TASK OBJECTIVE
What is needed is an exact reproduction of the listing, without its pictures.

---------- SUPPLIED DATA ----------

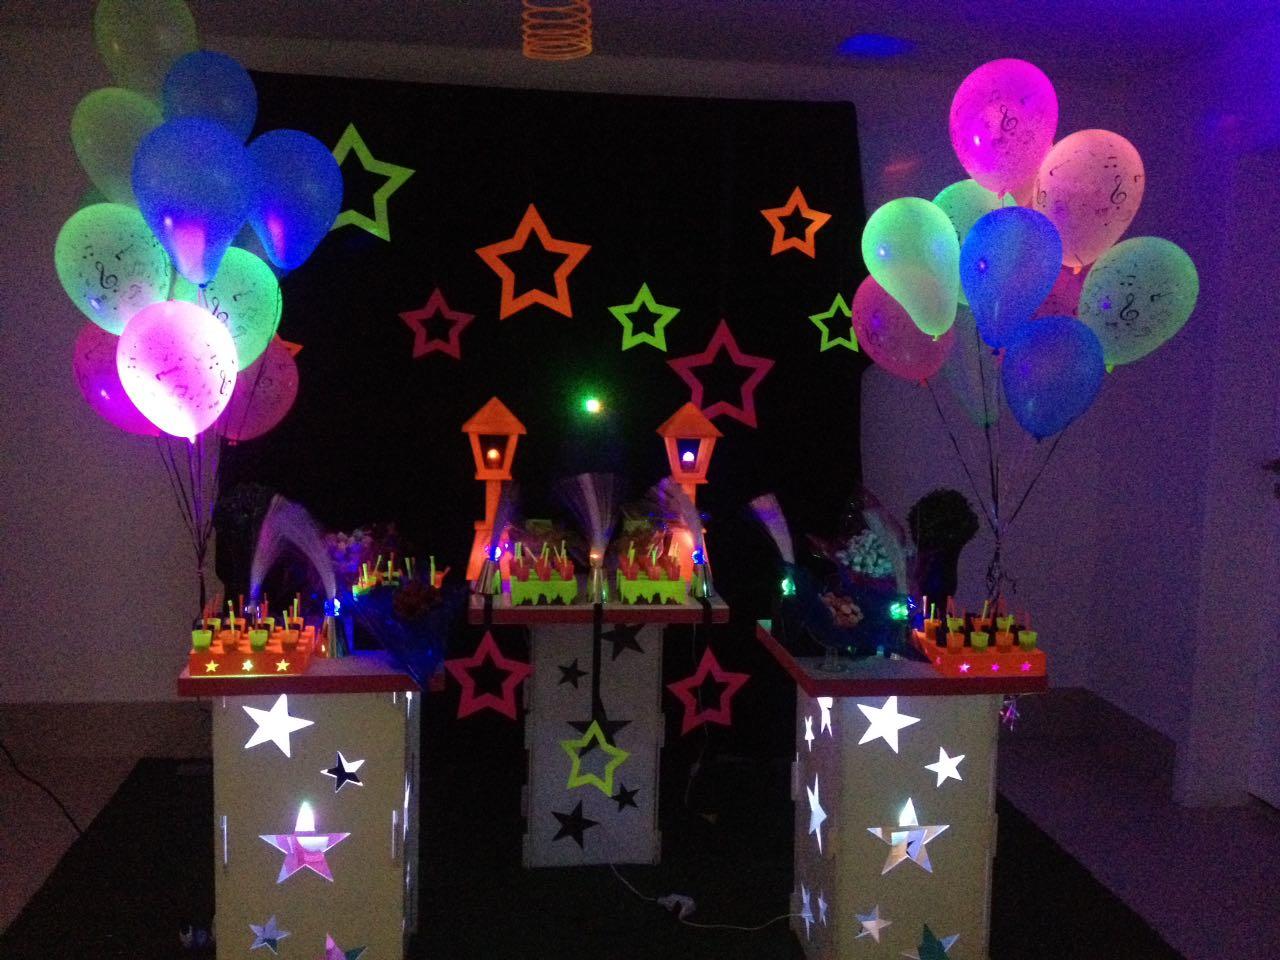 Amado Decoração Provençal Balada Teen Neon | Mamy Pappy Eventos Infantis  YH16
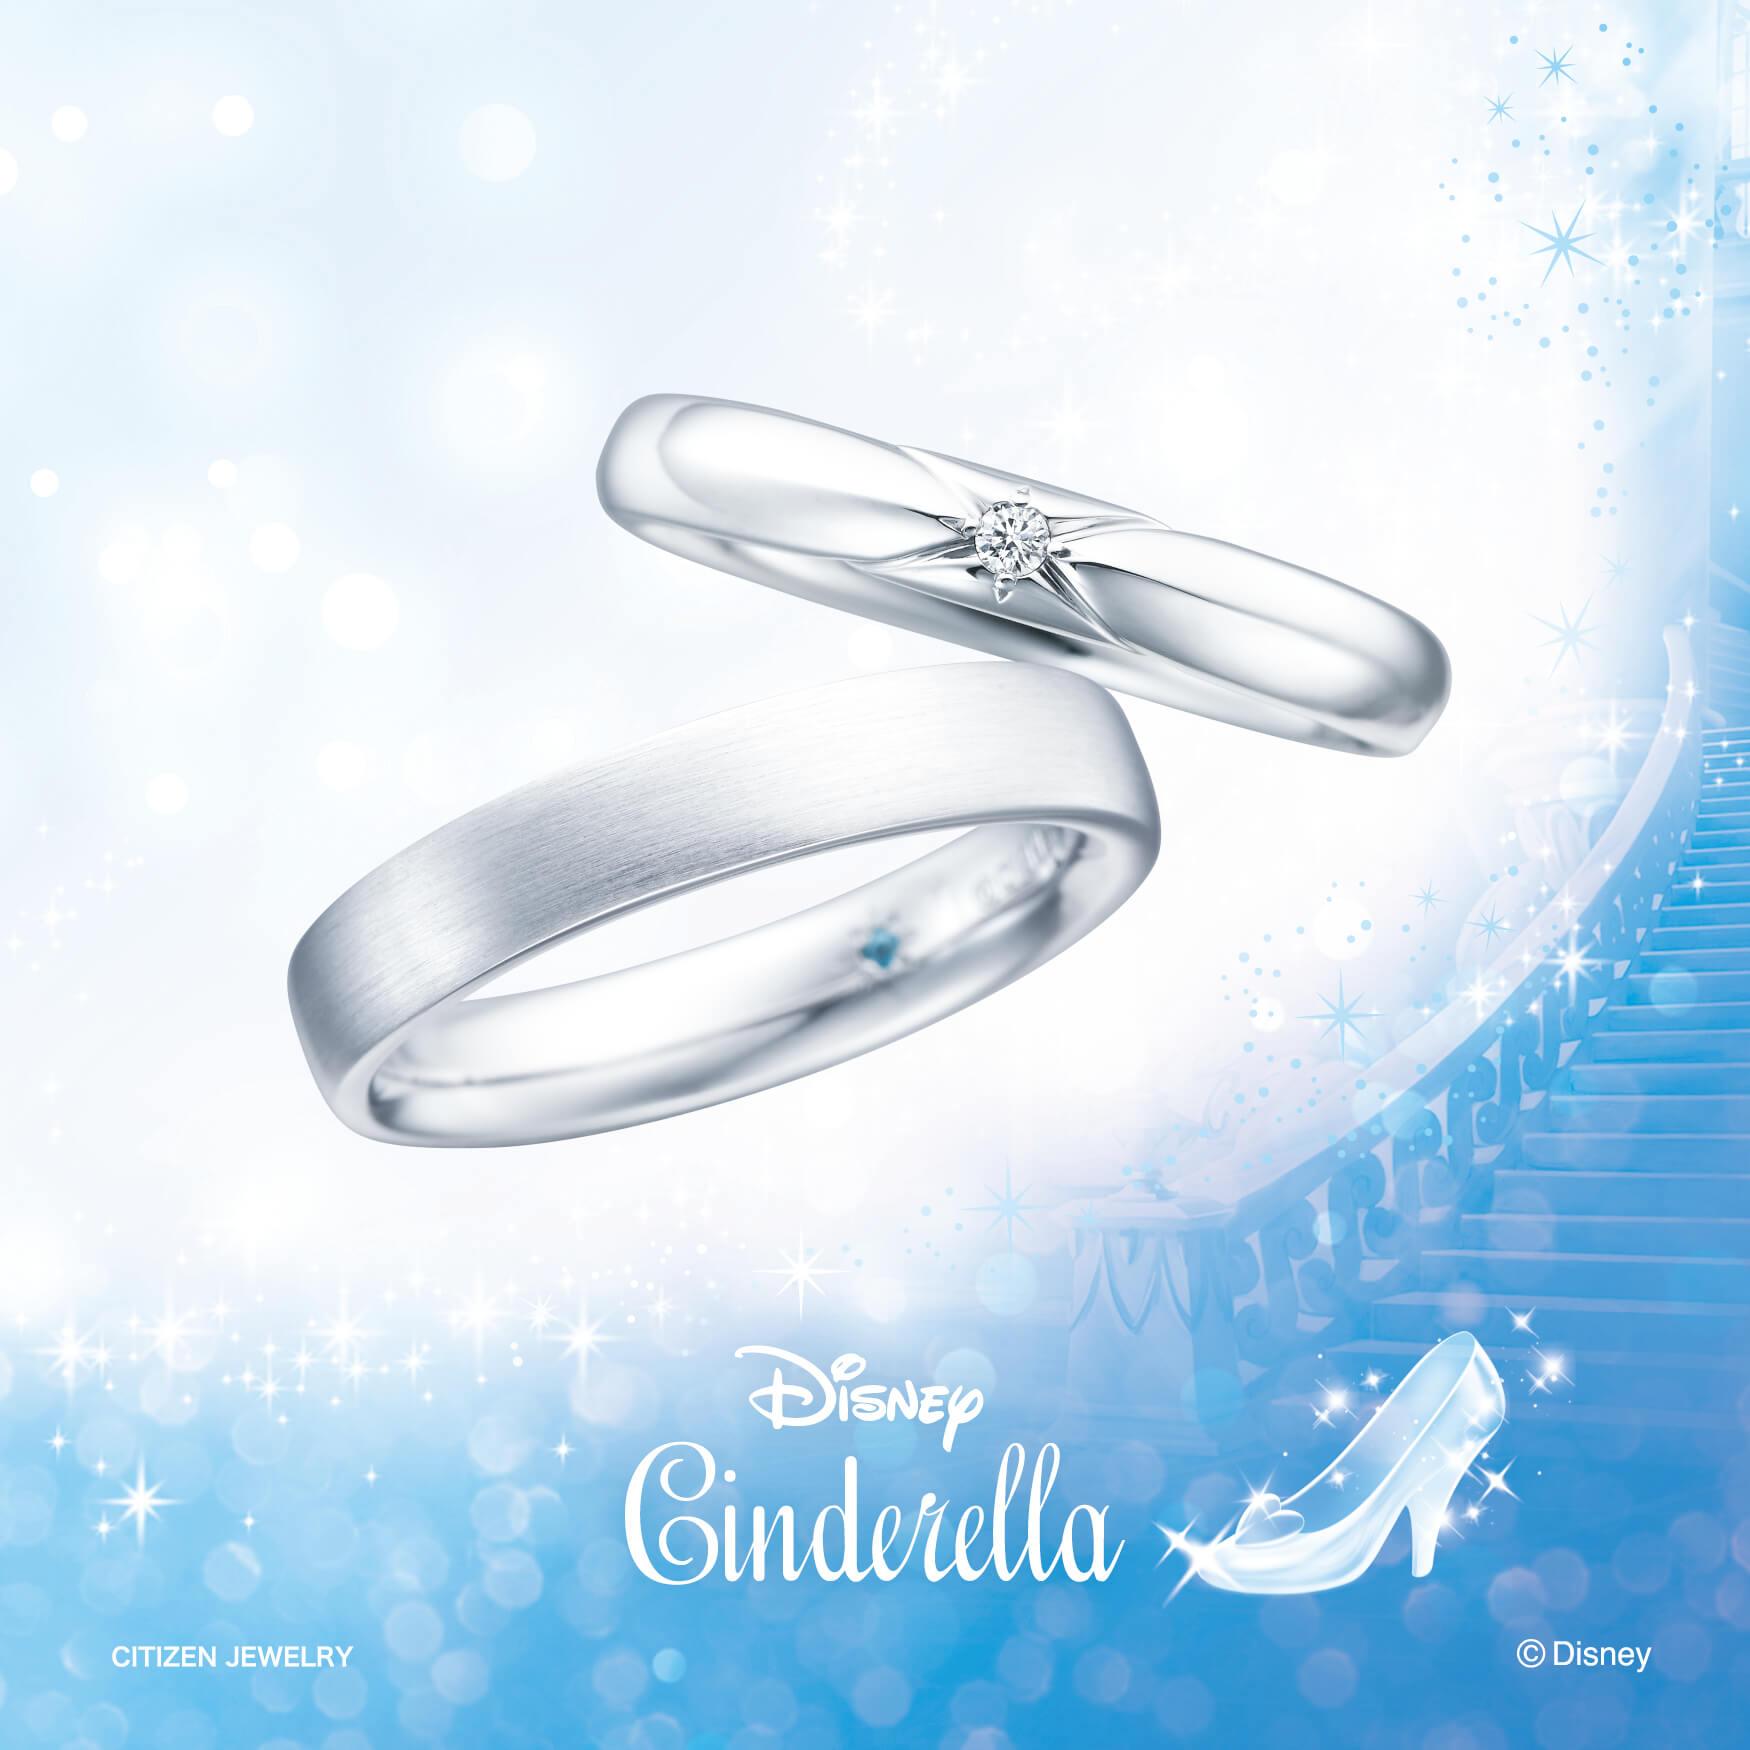 銀座・柏・直方の結婚指輪2018年モデル【新作】Disney Cinderella(ディズニーシンデレラ)_01
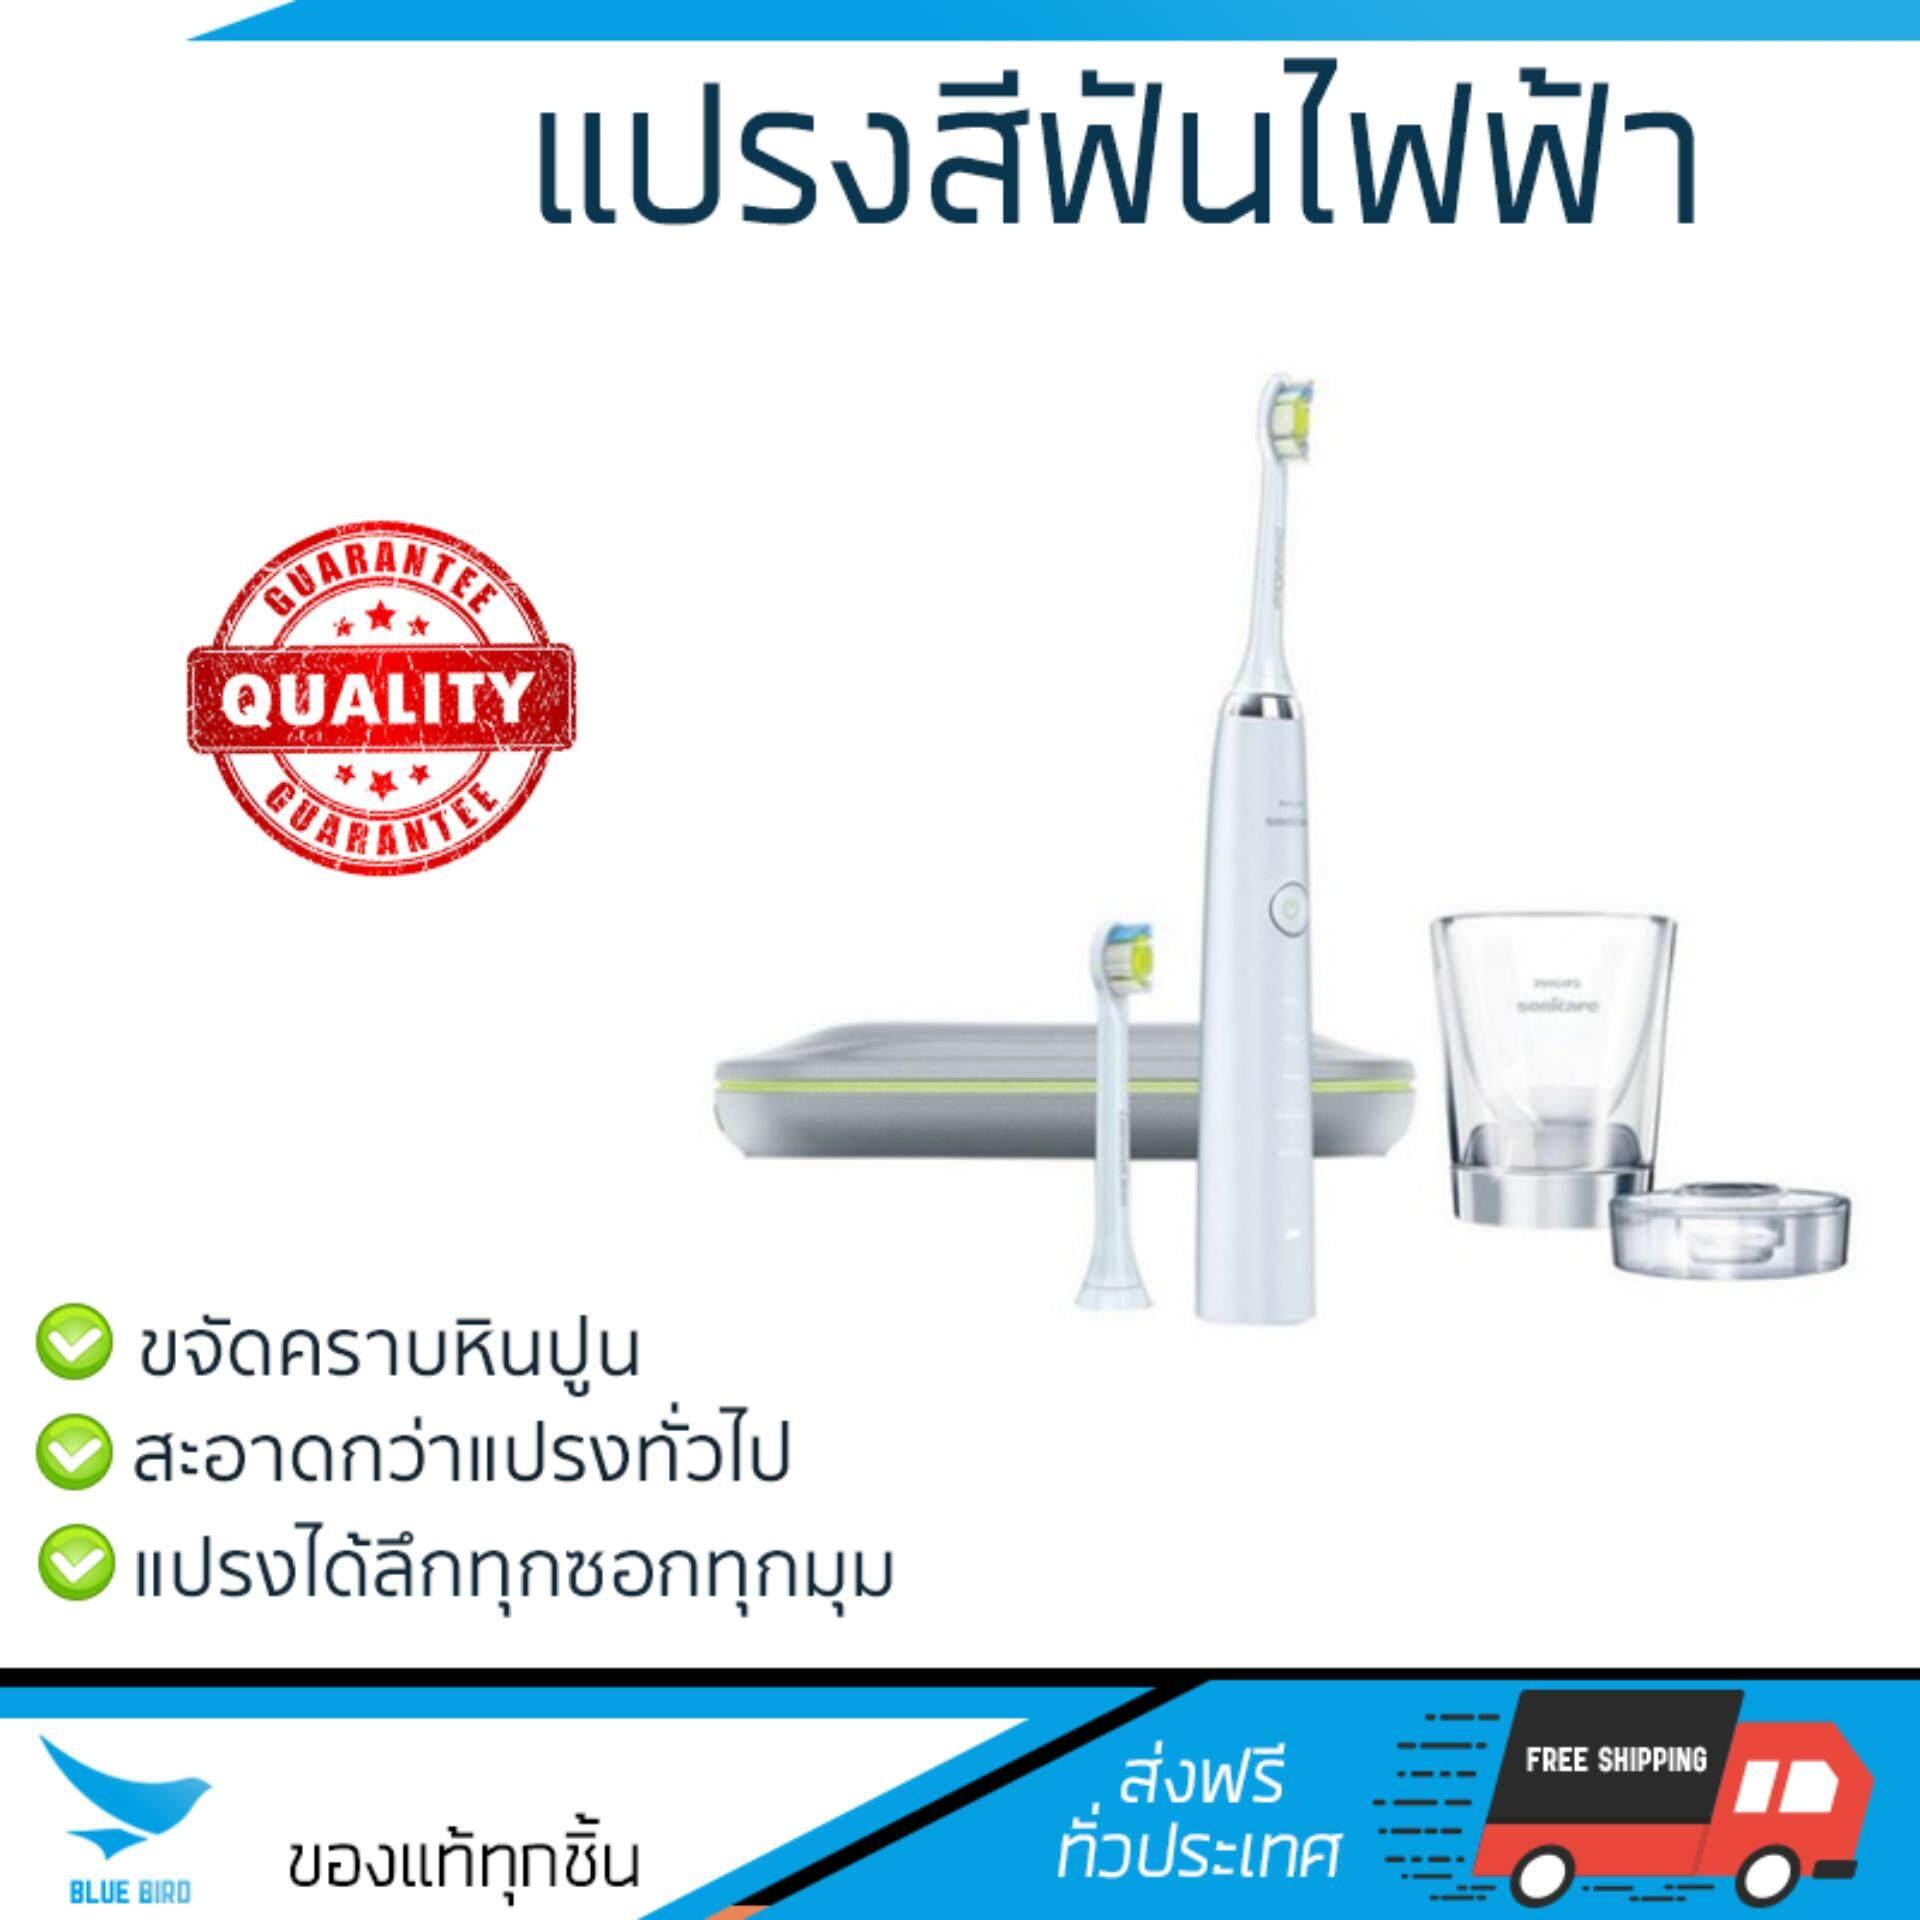 แปรงสีฟันไฟฟ้า ช่วยดูแลสุขภาพช่องปาก กรุงเทพมหานคร รุ่นใหม่ล่าสุด แปรงสีฟัน แปรงสีฟันไฟฟ้า แปรงสีฟันไฟฟ้า PHILIPS HX9332 04  PHILIPS  HX9332 04 สะดวก แปรงได้ลึกทุกซอกทุกมุม นุ่มนวล สะอาดกว่าแปรงทั่วไป Electric Toothbrushes จัดส่งฟรีทั่วประเทศ

----------

SOLUTION FOR THIS EXERCISE
 Amado Decoração Provençal Balada Teen Neon | Mamy Pappy Eventos Infantis  YH16
 銀座・柏・直方の結婚指輪2018年モデル【新作】Disney Cinderella(ディズニーシンデレラ)_01
 แปรงสีฟันไฟฟ้า ช่วยดูแลสุขภาพช่องปาก กรุงเทพมหานคร รุ่นใหม่ล่าสุด แปรงสีฟัน แปรงสีฟันไฟฟ้า แปรงสีฟันไฟฟ้า PHILIPS HX9332 04  PHILIPS  HX9332 04 สะดวก แปรงได้ลึกทุกซอกทุกมุม นุ่มนวล สะอาดกว่าแปรงทั่วไป Electric Toothbrushes จัดส่งฟรีทั่วประเทศ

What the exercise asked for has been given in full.